Project Sentinel

A reference testbed for runtime governance of LLM coding agents: sandbox each agent, audit each action, and verify failure modes before customers run agents against production code.

When teams put LLM agents into real workflows, three operational questions come back:

How are they sandboxed?
How are their actions audited?
What happens when something goes wrong?

Project Sentinel makes those questions concrete. It runs a synthetic office workload — sixty personas across three shifts, with real LLM calls — and underneath it the runtime layer an organization would actually operate: per-agent sandboxing (bwrap + Landlock + cgroups + netns), event-sourced audit trails, three independent control planes, and a 9/9-passing breakout test report.

The full stack is documented as a TOGAF v22.1 architecture and runs on a provisioned VM. The included docker demo is a deliberate behavioral subset: it shows the workload and dashboard, but not the kernel-bound parts (eBPF, Landlock, FUSE) that need a real host.

Architecture Guide (TOGAF v22.1) · Sandbox Test Report (9/9) · Demo

Why It Exists

Three things are hard to study without a believable, persistent, multi-agent environment:

Sandbox primitives at scale. What does bwrap + Landlock + cgroups v2 + netns actually cost when 26 agents tick simultaneously? Where do the breakouts come from when nobody is looking? The security test report records 9/9 breakout tests passing.
Controlplane design. Three independent observe / decide / act / verify loops (Agent CP, Platform CP, API CP) co-exist. Each owns one decision domain, none reach across. See docs/governance.md.
Boundary detection. Pattern detector for agent self-recognition (15 regex + two-stage LLM judge) measures when a generation surfaces awareness markers; the synthesis engine intercepts ~70% of routine perceptions before they reach a real LLM call.
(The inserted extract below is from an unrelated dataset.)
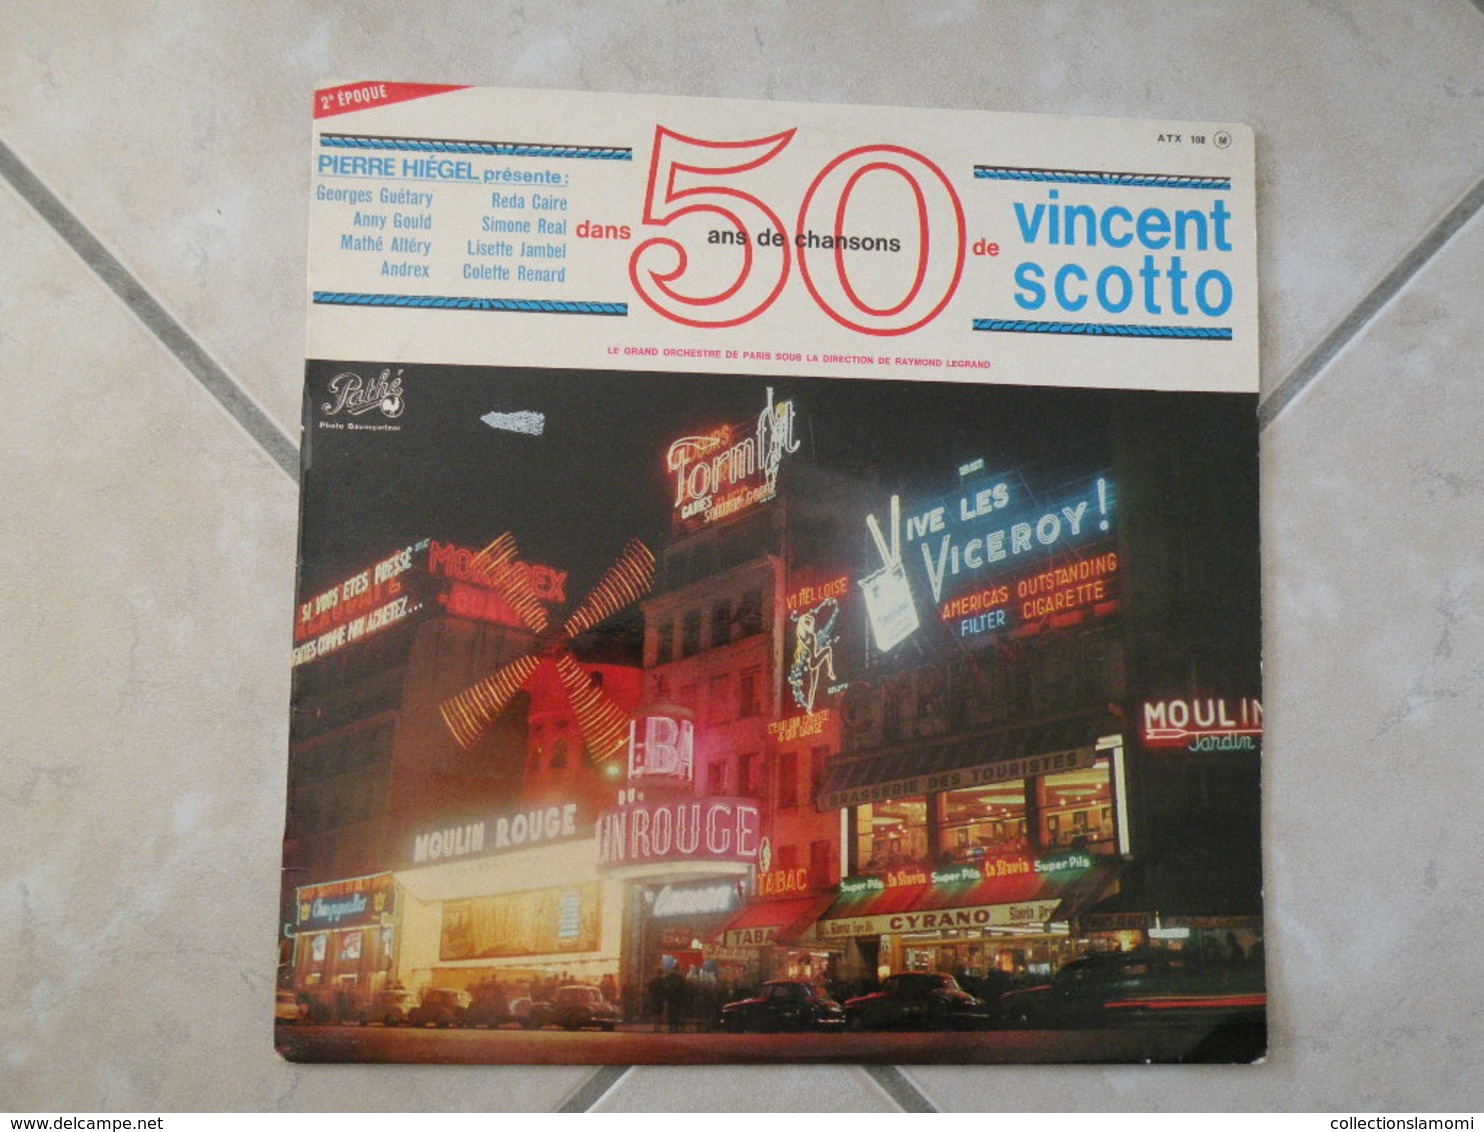 50 Ans De Chansons De Vincent Scotto - (Titres Sur Photos) - Vinyle 33 T LP - Humour, Cabaret
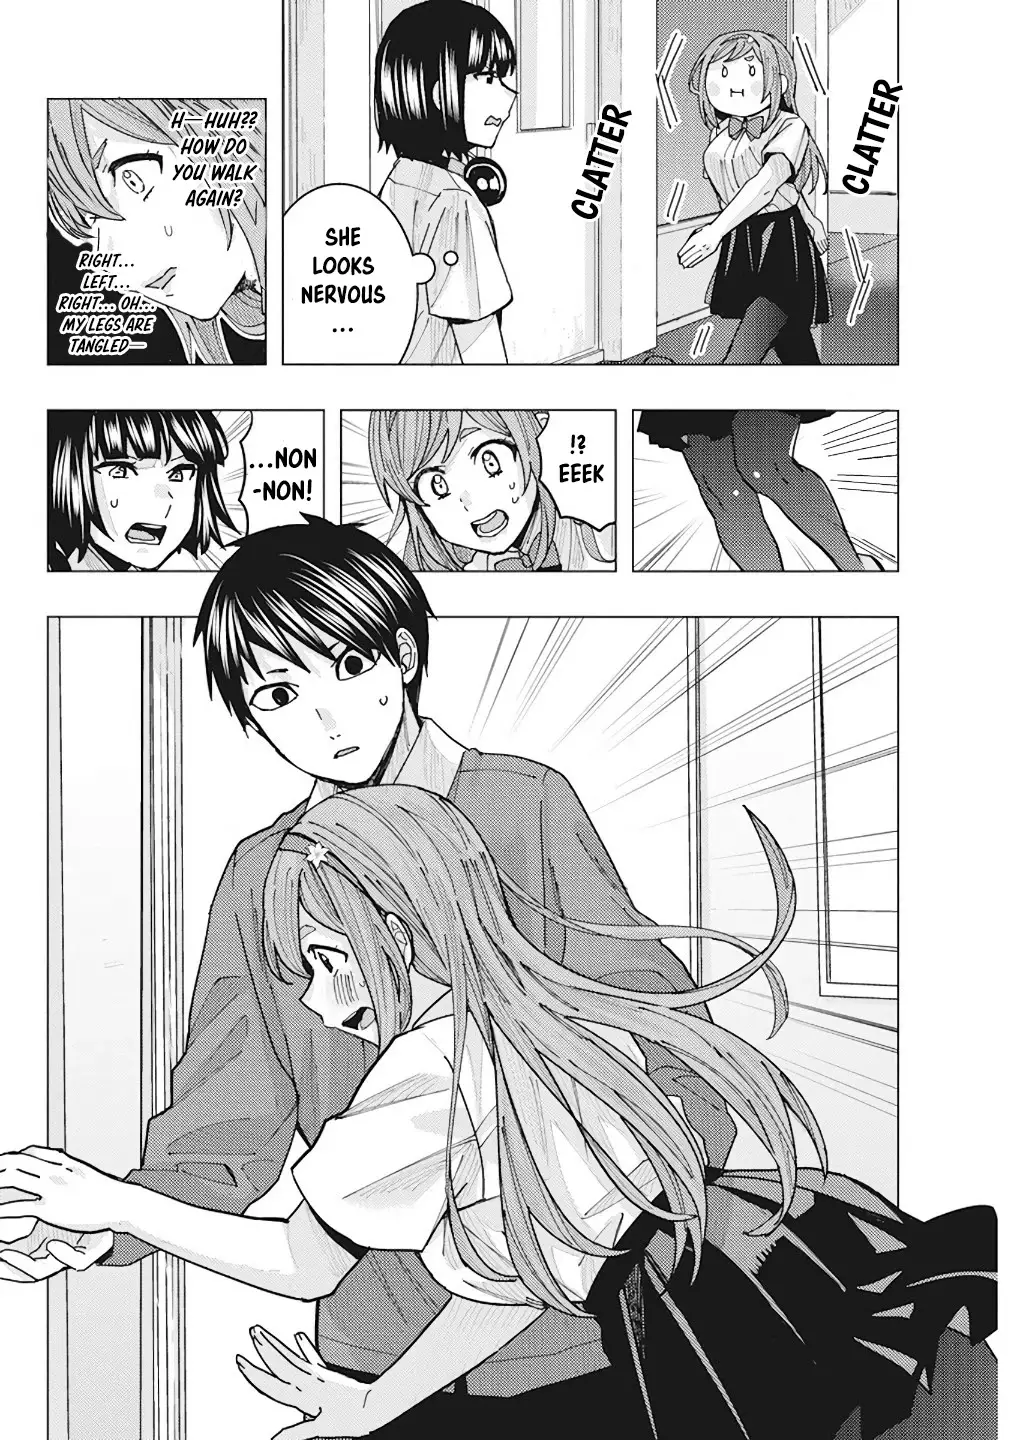 "nobukuni-San" Does She Like Me? - 13 page 14-9fa4d63f

See Research Context for the narrative convention that underpins the workload.

Architecture at a Glance

flowchart TB
  subgraph AGENTS["Agent Layer · 60 LLM personas"]
    A1["51 shift-bound (3 shifts × 17)"]
    A2["9 always-on duty staff"]
  end

  subgraph SANDBOX["Sandbox Stack (per agent)"]
    S1["bwrap (user-namespaces)"]
    S2["Landlock LSM"]
    S3["cgroups v2"]
    S4["netns + nftables"]
    S5["Wasmtime (tool runtime)"]
  end

  subgraph CP["Three Controlplanes — Observe → Decide → Act → Verify"]
    direction LR
    AGCP["Agent CP<br/>(bio · perception)"]
    PLCP["Platform CP<br/>(infra · health)"]
    APCP["API CP<br/>(cost · routing)"]
  end

  STORE["Event Store<br/>Limbo SQLite · append-only<br/>Lamport ordering · hash-chain"]

  subgraph GATEWAY["Cortex Gateway (Go)"]
    G1["7-step proxy + guardrails"]
    G2["10-rule synthesis engine"]
  end

  subgraph BRIDGE["Quality + Memory Plane"]
    J1["Sentinel Judge<br/>(NATS · drift · quality)"]
    J2["NATS Bridge<br/>(Limbo → JetStream)"]
    J3["Hippocampus<br/>(NMDA night-run)"]
  end

  DASH["Dashboard<br/>Bun + Hono + WebSocket"]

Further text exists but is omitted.